Уроки горы Сен-Виктуар - Петер Хандке
Шрифт:
Интервал:
Закладка:
Незаметная, неловкая и медлительная во всем – даже когда все остальные рассеянно ждали ее, – она застывала на одной точке, погруженная в совместное начало, – из них двоих именно она являла собою образец для подражания, а ее муж только через нее мог быть определен как отдельно взятый человек.
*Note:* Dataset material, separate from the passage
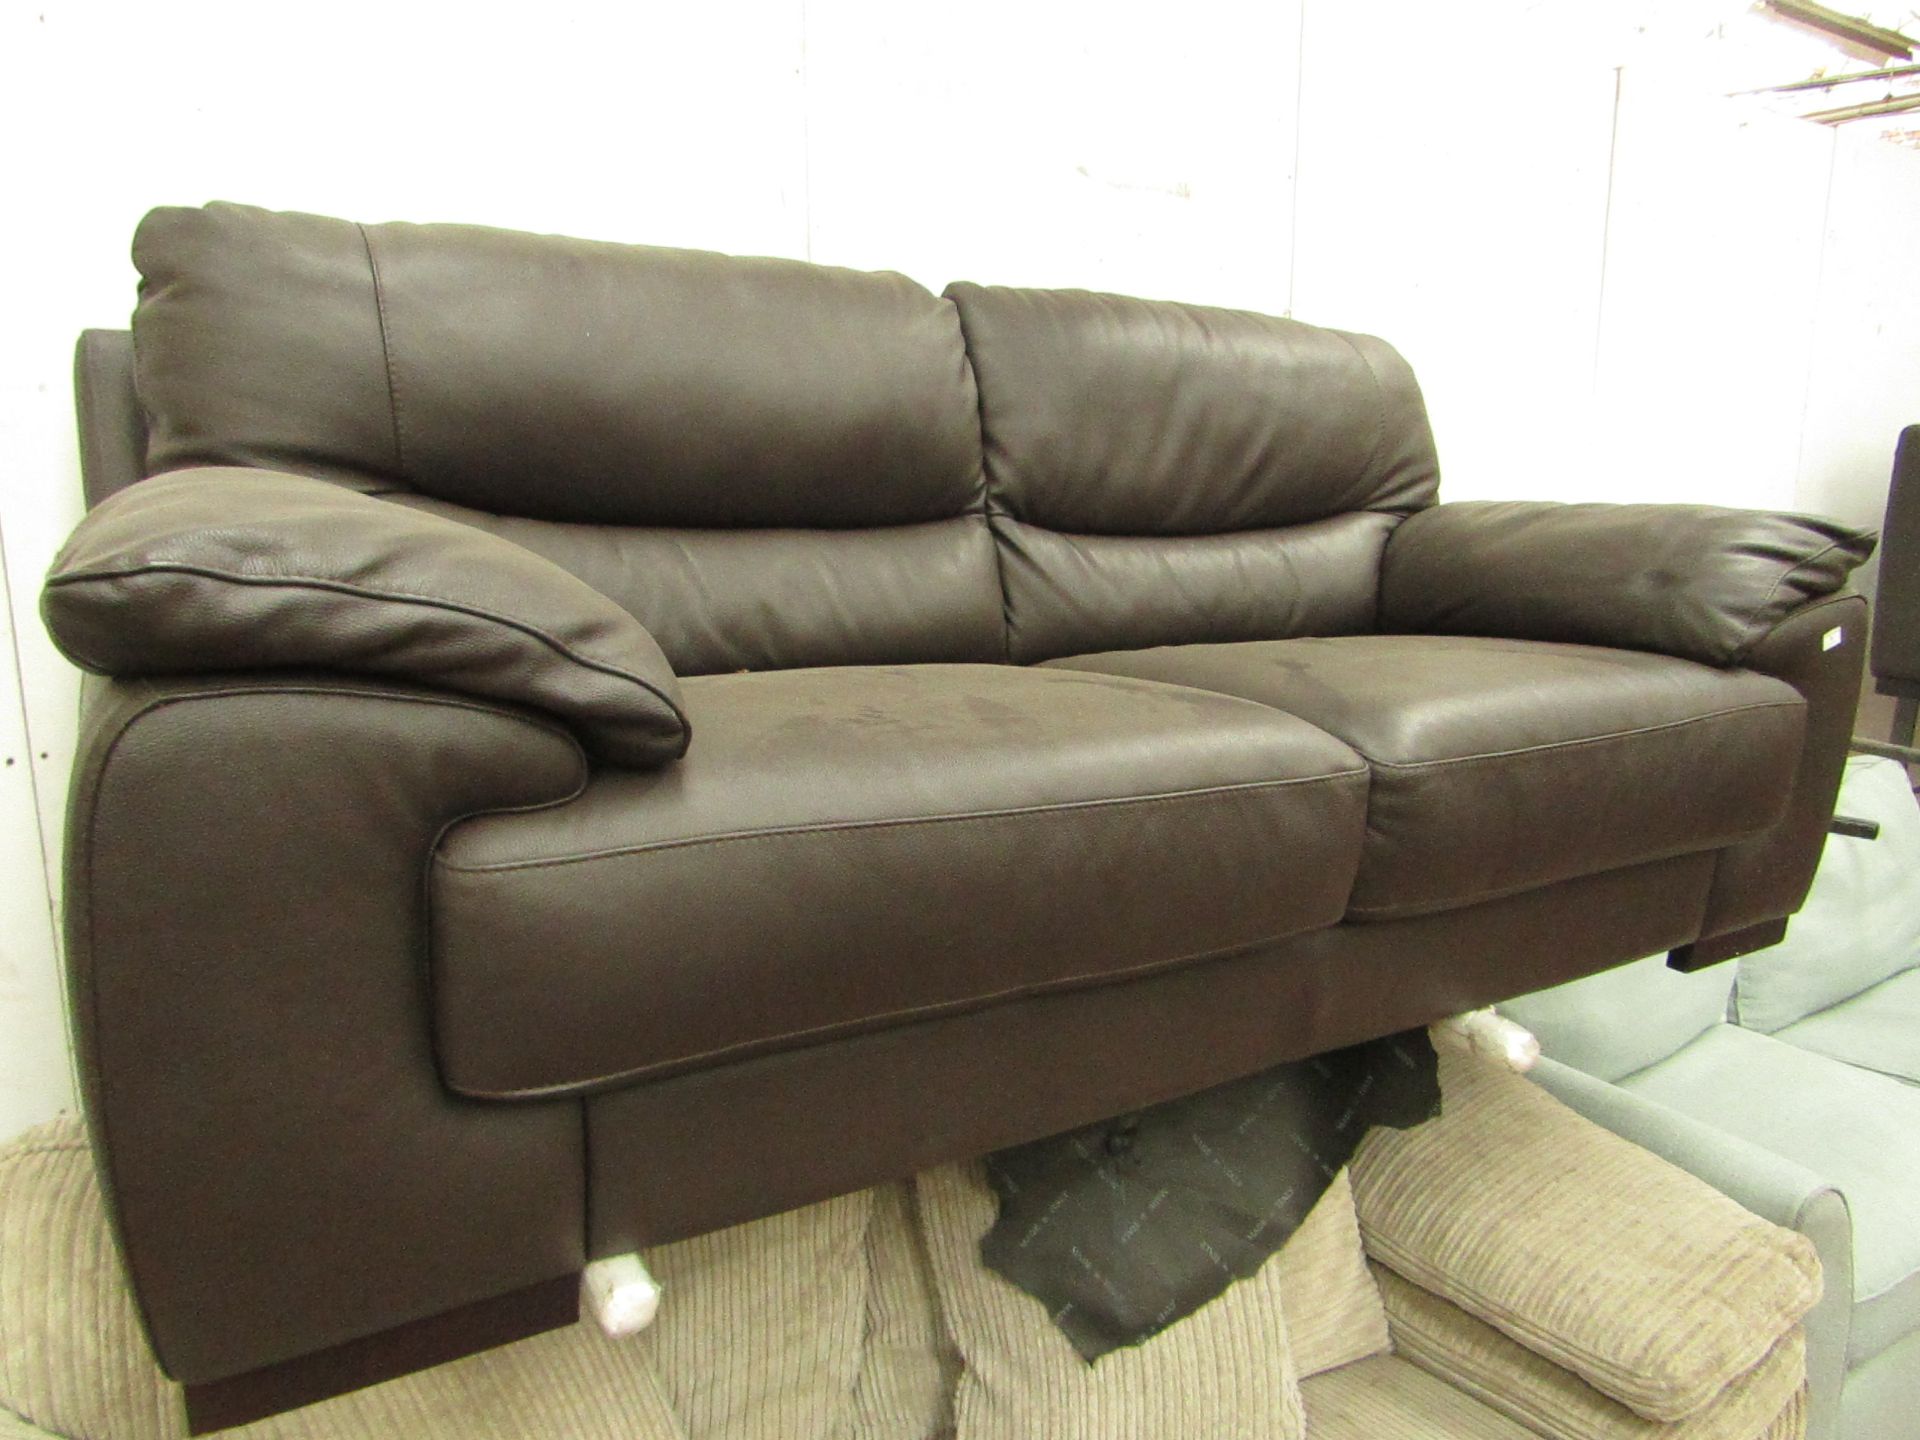 International contemporary designs Leather 2 seater sofa, no visible damage found.

Он, случайный, часто безличный (и вызывающий, наверное, от этого у самого себя досаду), был однажды открыт ею, которая была неизмеримо больше, и по сей день, в ее отсутствие способный только повторять чужие слова или стоять безвольно рядом, он вдохновлялся только ее присутствием, обретая тогда своенравие. Его жена не льстила ему, но могла, сама переполняясь гордостью, восхищаться им, притом так убежденно, что он сам оставил всякое внутреннее сопротивление и, тронутый, верил ей как человеку «одного с ним роду-племени». Он ее тоже трогал, но только по одной-единственной причине, заключавшейся в том, что она и этот человек и в самом деле однажды были объявлены «мужем и женой». Брак был для ее личности, которая как будто была свободна от давления всех расхожих мнений, приписывающих особое значение тому или другому, все еще таинством, в котором «рассеянные чувства», «собранные и соединенные», властно выталкивали чувство сострадания к другому вовне и превращали его в неисчерпаемую форму жизни. Ее образцовопоказательность для Зоргера, однако, проявлялась в том, что «другой» являлся ей не только в виде супруга (который при этом тем не менее оставался для нее мужчиной ее жизни), он являлся ей в каждом, даже в чужаке: брак стал для нее формой, которая помогла сохранить ей детскую открытость и одновременно воплощала это ее свойство в естественном коллективизме, совершенно отличном от того, какой бывает по обязанности у просто взрослого человека. (Зоргер довольно часто видел, как она сидит без дела; ей нравилось, когда ее обслуживали, а дети попросту называли ее «лентяйкой».)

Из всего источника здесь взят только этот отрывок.